- Born: Jane Theresa Crawford c. 1844 Larne, County Antrim, Ireland
- Died: 3 June 1918 (aged 74) Queenstown, New Zealand
- Occupation: Hotel proprietor
- Years active: 1871–1906
- Spouse: John McBride ​ ​(m. 1869; died 1876)​
- Children: 2

= Jane McBride =

New Zealand businesswoman

Jane Theresa McBride (née Crawford; c. 1844 – 3 June 1918) was a New Zealand businesswoman who owned and managed McBride's Family Hotel in Queenstown.

== Biography ==
Born in Larne, County Antrim, Ireland, in about 1844, she migrated to New Zealand in about 1866 to join her sister and brother-in-law, the McEwans, who had settled at Nokomai, near Garston. She joined them when they moved to Queenstown, and there she married John McBride on 11 August 1869. The couple had two children.

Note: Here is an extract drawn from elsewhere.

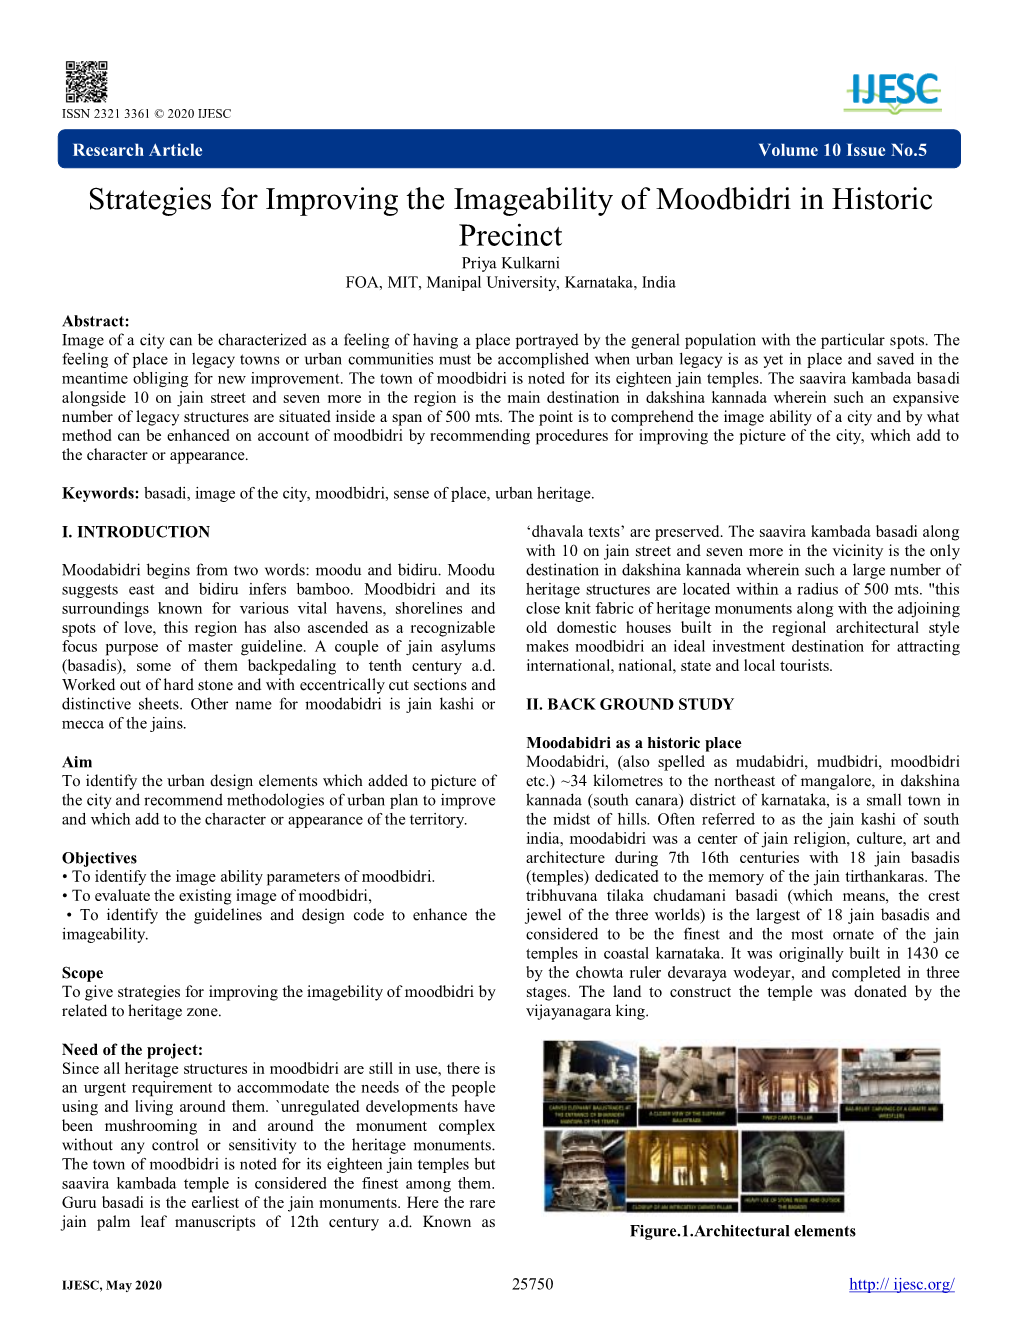 Strategies for Improving the Imageability of Moodbidri in Historic Precinct Priya Kulkarni FOA, MIT, Manipal University, Karnataka, India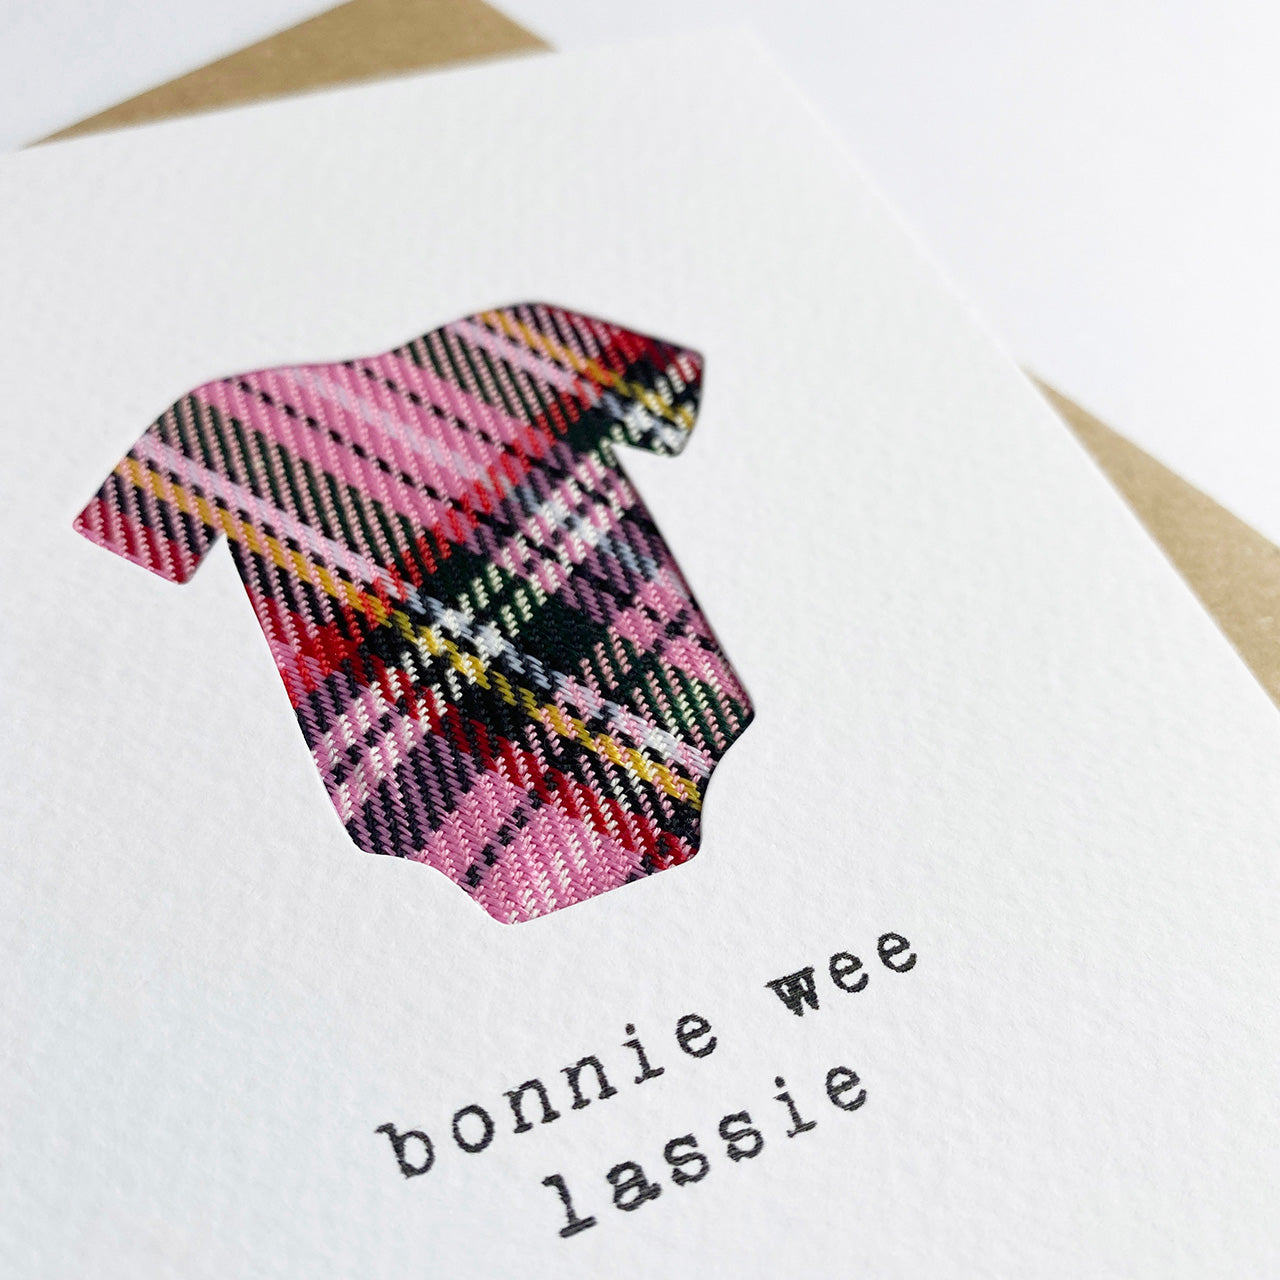 'Bonnie Wee Lassie' Scottish Baby Card with Tartan - HiyaPal

In 1871, Jane and John McBride bought the Harp of Erin Hotel in Queenstown from the McEwans. In June 1876, John McBride died, and Jane McBride continued as sole owner. She extended the hotel twice and renamed it McBride's Family Hotel. She retired from running the hotel in 1906 but retained ownership and leased the hotel.

McBride died in Queenstown on 3 June 1918, after suffering a stroke three days earlier.